In Europe, 80% of offshore wind resource is located in places with water depth greater than 60m. This amounts to a potential European capacity of 4000GW, at water depths that are greater than fixed foundation devices can exploit. Floating offshore wind turbines therefore have great potential, both as a source of renewable energy for the UK and as an export market. This project aims to investigate floating offshore wind turbine (FOWT) foundation designs that have the potential to achieve significant cost reductions. This project targets the use of carbon-fibre textile reinforced concrete (CTRC) for floating platforms, where use of a concrete floating foundation allows the majority of supply and logistical activities to be local. A novel self-sensing technique that utilises the contact resistance at the connections of the carbon fibre tows in the mesh was proposed. The main impact of the project will be demonstration of the technical feasibility of self-sensory concrete foundations for floating offshore wind farms, and their potential to reduce construction, deployment, and inspection costs

 

Assessing the likelihood of collisions between deep-diving seabirds and tidal stream turbines is a main component of environmental impact assessments (EIA). Existing models rely on existing measurements of diving behaviour in non-energetic environments, even though diving behaviour in tidal stream environments is probably different. They also do not consider variations in feeding strategies among sites, even though foraging strategies depend on physical conditions and prey communities. These shortcomings are linked to the challenges of recording animal behaviour in tidal stream environments.
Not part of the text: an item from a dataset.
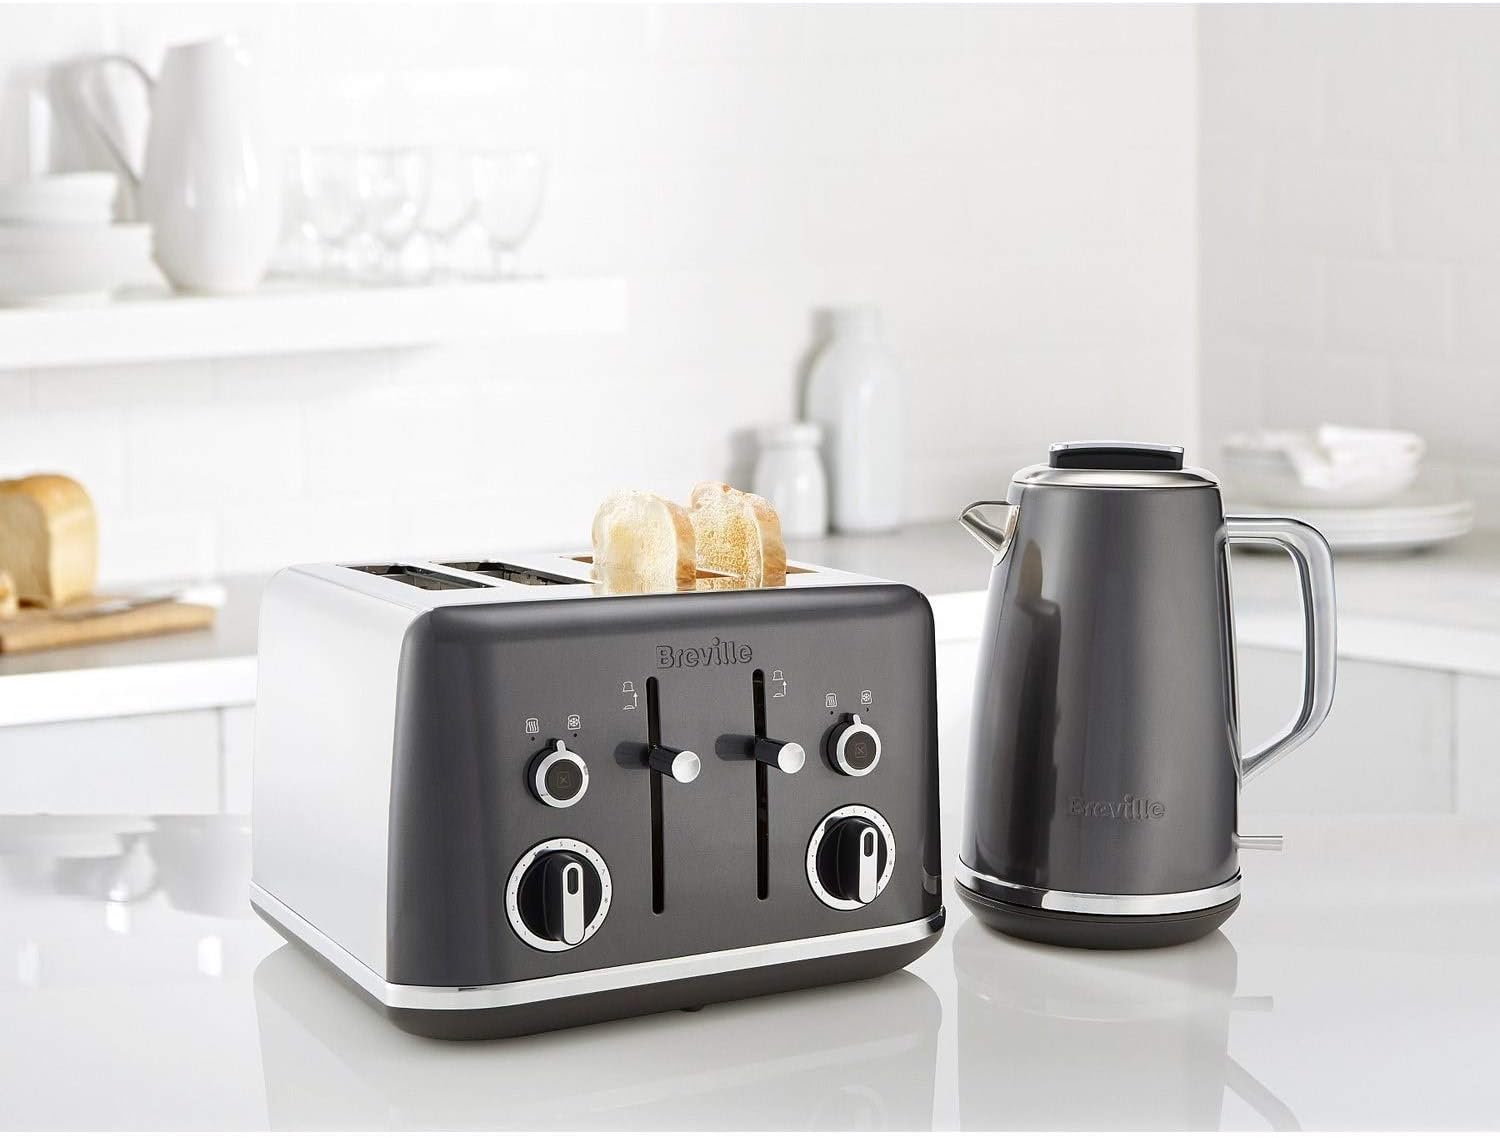 https://storables.com/wp-content/uploads/2023/08/14-superior-breville-toaster-4-slice-for-2023-1691058639.jpg

The resultant uncertainty in EIA can delay or prevent installations, hindering commercial development. Most attempts to overcome these challenges focus on developing technological approaches such as biologging and hydroacoustics, even though these methods are fundamentally unsuitable and/or impractical. The proposed project uses existing knowledge of vulnerable species (black guillemot, European shag) to adapt conventional approaches (shore-based surveys and fish traps) and provide information relevant for the assessment of collision risk in Shetland, UK. Specifically, this information is used to understand whether and why diving behaviour of vulnerable species differs among locations, improving existing models of collision risk and reducing uncertainty in EIA

 

Computational models are generally used for the strategic planning of the O&M activities of offshore renewable farms. However, these models rely on information retrieved a priori, based on existing literature or previous experiences, with little consideration for the data obtained through sensors installed on the devices. The proposed activity aims at exploring the combined use of strategic tools and operational data, highlighting the benefits of including the information obtained from condition monitoring instrumentation at an early stage in the computer-aided definition of the O&M strategy. Despite the approach is valid for most offshore renewable technologies, this activity will put major emphasis on specific solutions for floating offshore wind turbines.

 

 

The research stay at Johns Hopkins University (USA), with Professor Charles Meneveau, will aim to (i) analyse the impact of relative submergence and device separation in tidal arrays’ hydrodynamics and (ii) develop the necessary knowledge and computing skills to start in the field of wind turbine farm simulation. For this research, Large-Eddy Simulations (LES) will be performed using the state-of-the-art Digital Offshore FArm Simulator (DOFAS), being its current version mostly tailored to tidal turbines. DOFAS allows to investigate with great level of detail the complex turbulent flow developed in offshore farm by means of LES and the fluid-structure interaction using an actuator line method to represent the turbines’ rotor, capable of calculating the structural loads.